Announcement

**skeevy420** · 14 November 2021, 03:07 PM

Originally posted by sdack View Post

It depends on the use case.

Zstd is great for file compression and where you intentionally want to trade speed versus space. The better the compression, the more space you have left.

For a RAM disk is Zstd not that great, but it can be for someone who wants to squeeze the most RAM out of their system. But you are right that here you probably want LZ4 instead.

For compressing the kernel image and initramdisk and to boot up faster can either LZ4 or Zstd be useful. A slow HDD, or even slower memory card (i.e. microSD), benefits from a Zstd compressed kernel & initramdisk because the smaller these are the faster they load and this can outweigh the decompression time. Booting from a fast SSD will likely put LZ4 ahead, but the margin between the two will be small.

That's due to kernel and configuration limitations, not Zstd itself. Zstd has both an LZ4 mode and various fast levels. With kernel images I was getting LZ4 speeds and ratios with Zstd-fast:1000 back with Zstd 1.4.0. If both ramdisks and high speed disks could be configured to use the faster Zstd levels they'd be a little more competitive with LZ4. OpenZFS supports some Zstd fast levels while, AFAIK, none of the in-kernel file systems or ramdisks do.

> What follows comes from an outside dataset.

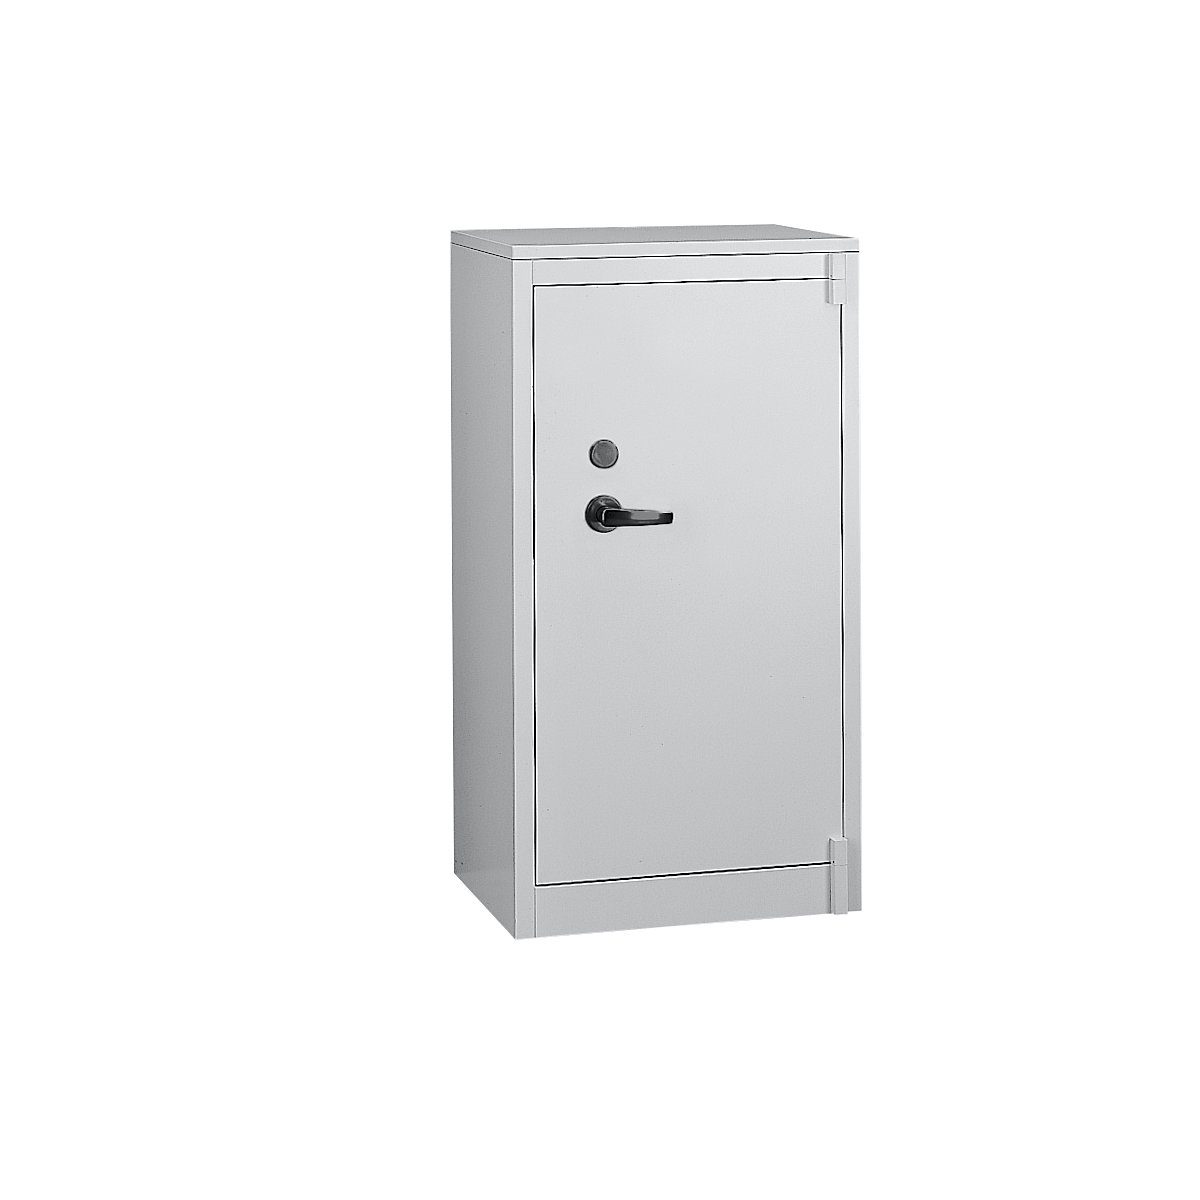 Steel cupboard, fireproof – C+P, DIN 4102 compliant, HxWxD 1226 x 650 x 500 mm, light grey-16

**brucethemoose** · 14 November 2021, 03:36 PM

Originally posted by skeevy420 View Post

That's due to kernel and configuration limitations, not Zstd itself. Zstd has both an LZ4 mode and various fast levels. With kernel images I was getting LZ4 speeds and ratios with Zstd-fast:1000 back with Zstd 1.4.0. If both ramdisks and high speed disks could be configured to use the faster Zstd levels they'd be a little more competitive with LZ4. OpenZFS supports some Zstd fast levels while, AFAIK, none of the in-kernel file systems or ramdisks do.

I don't know, I think zstd decoding is just fundamentally more complex than LZ4, even at the minimum level.

EDIT: F2FS and btrfs both support zstd level 1, if thats what you mean. IDK about the LZ4 modes.

**sdack** · 14 November 2021, 03:48 PM

Originally posted by skeevy420 View Post

That's due to kernel and configuration limitations ...

... And in-kernel Zstd compression happens to be the topic of the article. I only answered rmfx's question with regards to the article and who also already knew some of the differences himself. There was no further need for me to create tangents of what-ifs and did-you-know, when two previous comments explained much of the wider details already. Sorry if you expected to get a wall of text from me.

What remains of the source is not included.